Putting ‘Prevention’ centre-stage
In a high-profile speech in February of this year, UK Health Secretary Matt Hancock stressed the need to be focussed on what I paraphrase as “Healthcare rather than sick-care”. In other words, prevention is better than treatment. Connected Care reaches far beyond the moments of receiving ‘care’ – it’s about our health and happiness; the big picture.
It’s imperative for technology providers to be supporting the “digital health” agenda – the cultural transformation of how disruptive technologies that provide digital and objective data accessible to both caregivers and patients leads to an equal-level doctor-patient relationship and the democratization of care.

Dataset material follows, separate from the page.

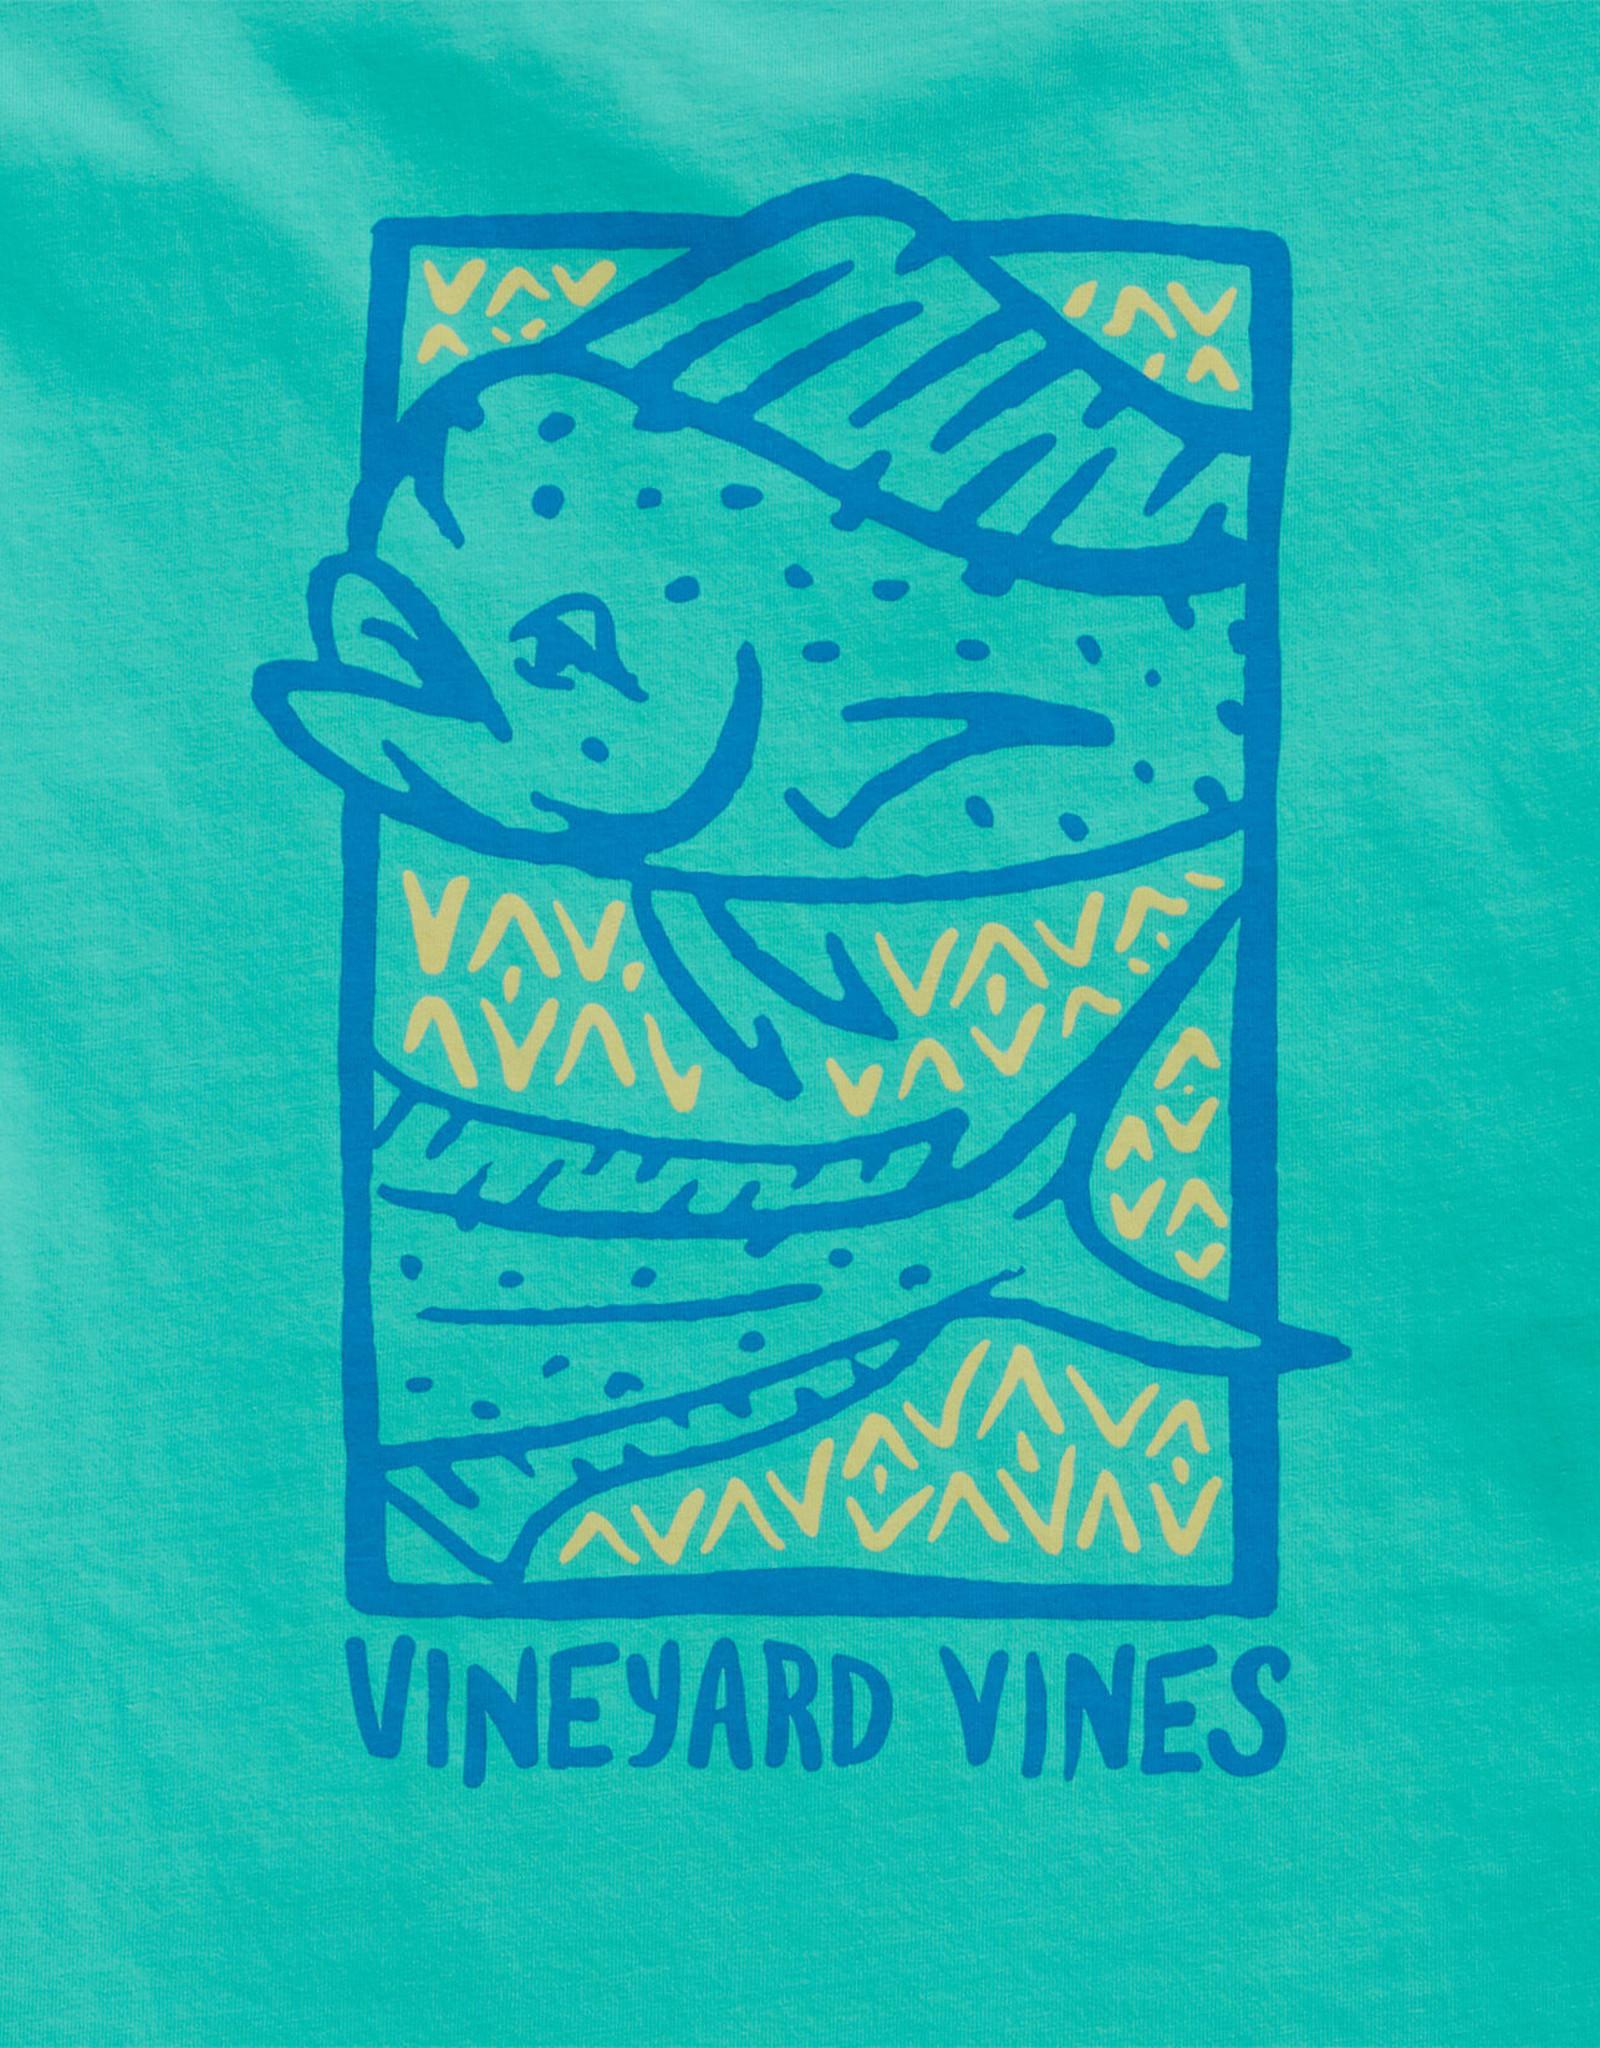 Vineyard Vines Mahi Mahi Tee

The point-of-care has been shifting from facilities to wherever the patient is. When patients become the point-of-care, diagnostics and treatments can be offered from a distance; patients can be involved in their care to release the burden on medical professionals. Care can be personalized, accessible, affordable and preventive.
Through virtualizing infrastructure and deploying digital workspace solutions, hospitals can overcome challenges and future proof technology – making it safer, easier and faster for clinicians and staff to deliver outstanding patient care wherever and whenever needed. VMware partners with leading healthcare organizations to reduce IT complexity while ensuring the delivery of real-time, connected healthcare that transforms the cost, quality, and delivery of patient care.

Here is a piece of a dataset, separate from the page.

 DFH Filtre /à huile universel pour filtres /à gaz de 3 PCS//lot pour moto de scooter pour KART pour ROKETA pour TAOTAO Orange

Having the right technology enables other improvements and innovations to fall into place. What does this look like? An example might be helping healthcare teams create a more empathetic atmosphere for patients. This includes both cutting-edge innovations and rethinking the ‘basics’ through automating certain processes and systems, such as paperless patient administration and app-based patient-doctor interaction.
Achieving patient-centricity
Healthcare is a fundamental right. Patients and staff deserve nothing less than the best technology.
Technology has the power to connect patient, doctor and community like never before, integrating healthcare into our daily lives; from our pre-natal care to our twilight years. The goal is to effect a change in mind-set so “patient-centric design” gets baked-in to workflows and systems.
And given all that happens to be happening in the world right now, the sector needs to have a keen eye on future-proofing. A technology partner like VMware is the right investment for that future, whatever new healthcare challenges tomorrow may hold.